Keep this running, point your browser to http://localhost:6006/, and click the Scalars tab.

Validate (optional)

./xlab.py validate -c conf/xlab.yaml --ckpt_path PATH

where PATH points to a checkpoint, downloaded from this project's releases, or saved during training. To evaluate on the test set, replace valudate with test in the above command.

Inference

For basic inference using multinomial sampling, run:

./infer.py [OPTIONS] CHECKPOINT_PATH "PROMPT"

To see other inference options, run ./infer.py --help.

Exporting model weights and tokenizer vocabulary

Checkpoints created during training contain not only the model weights, but also the optimizer state and other information needed to resume training from a saved checkpoint. This makes the checkpoints 3x larger than the actual model weights. To export a "clean" checkpoint, containing only the weights and vocabulary, run:

./manage.py export-checkpoint CHECKPOINT_PATH

Use in your code

import torch
from xlabml.datamodules import XLabDataModule
from xlabml.models import XLabModel
from xlabml import inference

# adjust these
checkpoint_path = 'logs/version_0/checkpoints/last.ckpt'
prompt = 'april'
device = 'cuda'
limit = 10

tokenizer = XLabDataModule.load_from_checkpoint(checkpoint_path, map_location=device).tokenizer
model = XLabModel.load_from_checkpoint(checkpoint_path, map_location=device).eval().requires_grad_(False)
inputs = torch.tensor([tokenizer[tokenizer.sos_token]] + tokenizer.encode(prompt), device=model.device)
outputs = inference.sample(
    model, inputs, limit,
    block_size=model.hparams['max_len'],
    eos_class=tokenizer[tokenizer.eos_token]
)
output = tokenizer.decode(outputs.tolist())

Configuration

All configuration and hyperparameters are exposed in YAML files, passed to the training/validation script. Hyperparameters are saved in checkpoints and automatically restored when loading. The default settings are in conf/defaults.yaml. Additional YAML configuration can be specified with the -c PATH option. See conf/xlab.yaml for the configuration used to train the current release model. Additional options (or overrides of the above configuration) can be specified on the command line. To see the full list, run ./xlab.py --help.

Model

A transformer decoder, corresponding to a causal (unidirectional) encoder in the original architecture (Vaswani et al. 2017), "base" variant, with the following modifications:

  • Normalization is performed before the transformer sublayers. An extra normalization layer is added after the last feedforward sublayer. This improved both performance and training stability.
  • The GELU activation function is used (performance improvement)
  • Dropout is only applied in the attention and feedforward sublayers (to the product of the queries and keys, and to the hidden activations, respectively) (performance improvement)

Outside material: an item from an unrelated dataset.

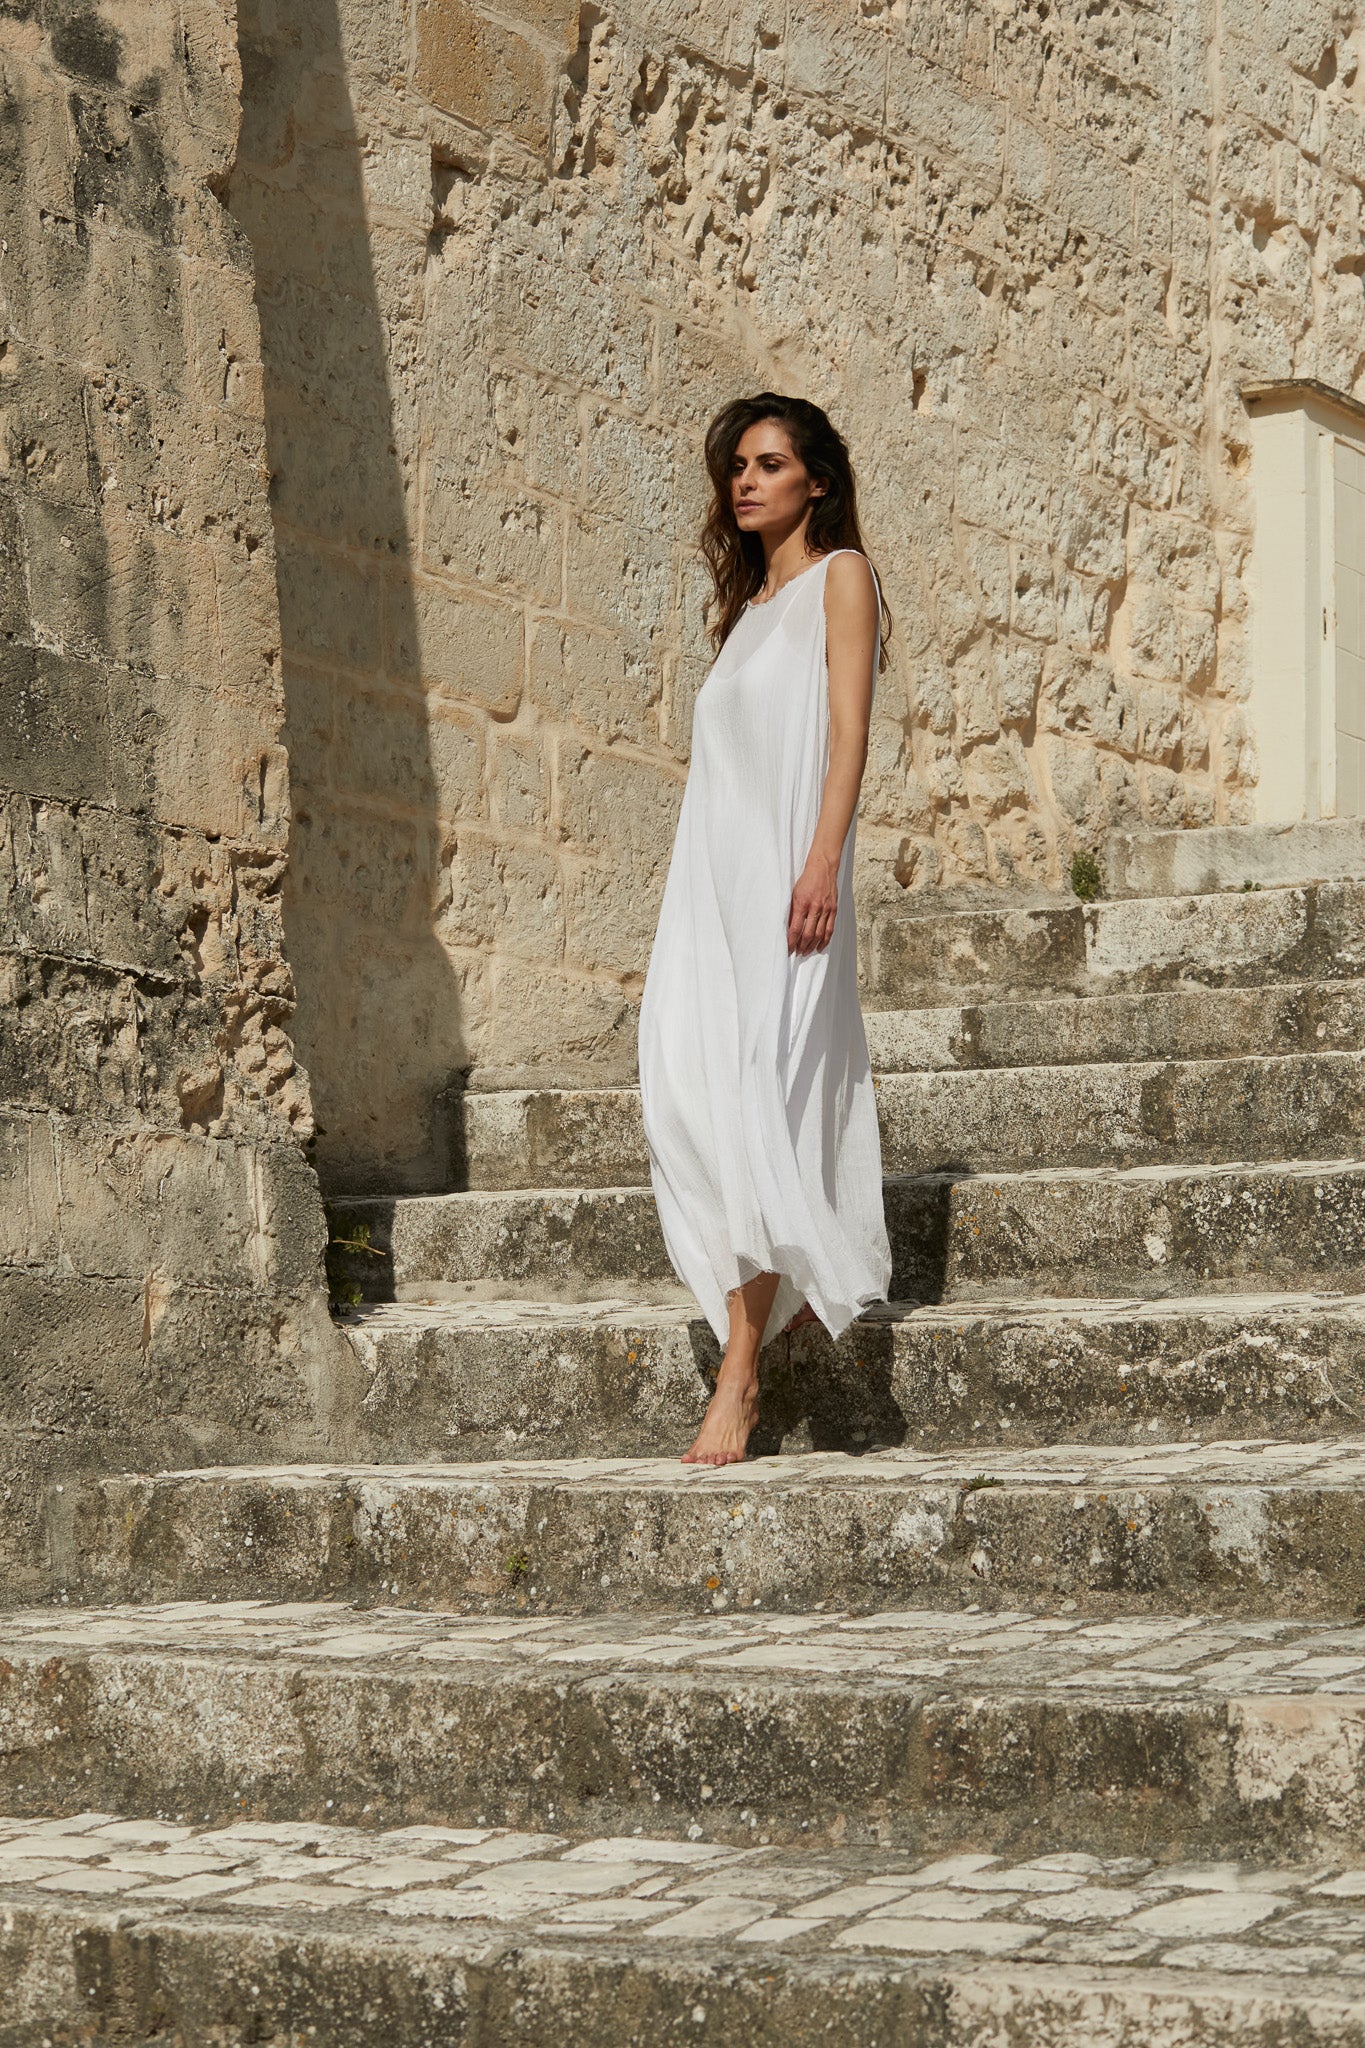 A MegbyDesign model is wearing a white gauze cotton angelica dress which is made from a beautifully lightweight gauze cotton. The model is bare foot and walking down a set of cobblestone steps

Positional encodings are used, because learned positional embeddings degrade performance in the current setup.

Tokenizer

The implementation from torchtext, which lowercases the input text, strips punctuation, and yields tokens between whitespace boundaries. The vocabulary is built from the 32K tokens with the highest frequencies across the training set. To avoid misinterpretation and improve reversibility, tokens matching special values (e.g. <unk> and <pad>) are escaped.

Dataset

wikimedia/wikipedia, 20231101.en, split into:

  • train: 90%
  • val: 5%
  • test: 2.5%
  • predict: 2.5%

Articles (texts) are chunked into sequences with 50% overlap.

Training

The model was trained on sequences of maximum length 256. To speed up training and reduce memory usage, 16-bit mixed precision is used. To mitigate stability issues, the bfloat16 data type is used, along with gradient clipping by norm 1.0. The AdamW optimizer is used, with learning rate 3e-4 and weight decay 0.1. The training ran on a single A100 GPU, with batch size 256, and was stopped after 4 epochs (440K steps after 2 days).

Results

Version Checkpoint Loss (test) Accuracy (test)
0.1 last 3.18 40.0%

Generations

Prompt: april is
april is the second album of the band dead from dead . it was released on february 15 , 2007 to predominantly negative reviews . it features several varied development and music styles . the album peaked at number only in the <unk> area , thus breaking the album ' s passage into a new york times best seller . it was also ranked as the fourth best album of 2007 by music critic roger ebert . track listing spirit of the line ( ' ticket to ride ' ) meant to awake into us quarter-finals phenomenon memory of misery activates fire

Prompt: the world
the world bowling championships were a women ' s national bowling championships organized in walnut street , new york city to open in 1980 . it is the world development and development archive event at the world bowling hall of fame , located in oak park , wisconsin . initially developed as a bowling and tennis track for workers , it was expanded into winter surface courses as a grassroots project to preserve open library needed oral materials to support the expanded bowling programs for disabled adults . medal summary results by round matches us quarter-finals u . s . championship top

Prompt: cats and dogs
cats and dogs ( , , ) is a 1986 indian malayalam-language drama film directed by m . k . raman nair and produced by the film production company <unk> development . it stars <unk> <unk> and <unk> , while <unk> in the lead roles , <unk> <unk> , and muhammed in three members of the comedy team . the film is a remake of the 1989 hindi film <unk> . it was remade in telugu as oral cough . inscription the film was released on 6 april 1986 in kerala . plot a criminal named <unk> visits rani ( <unk> <unk> )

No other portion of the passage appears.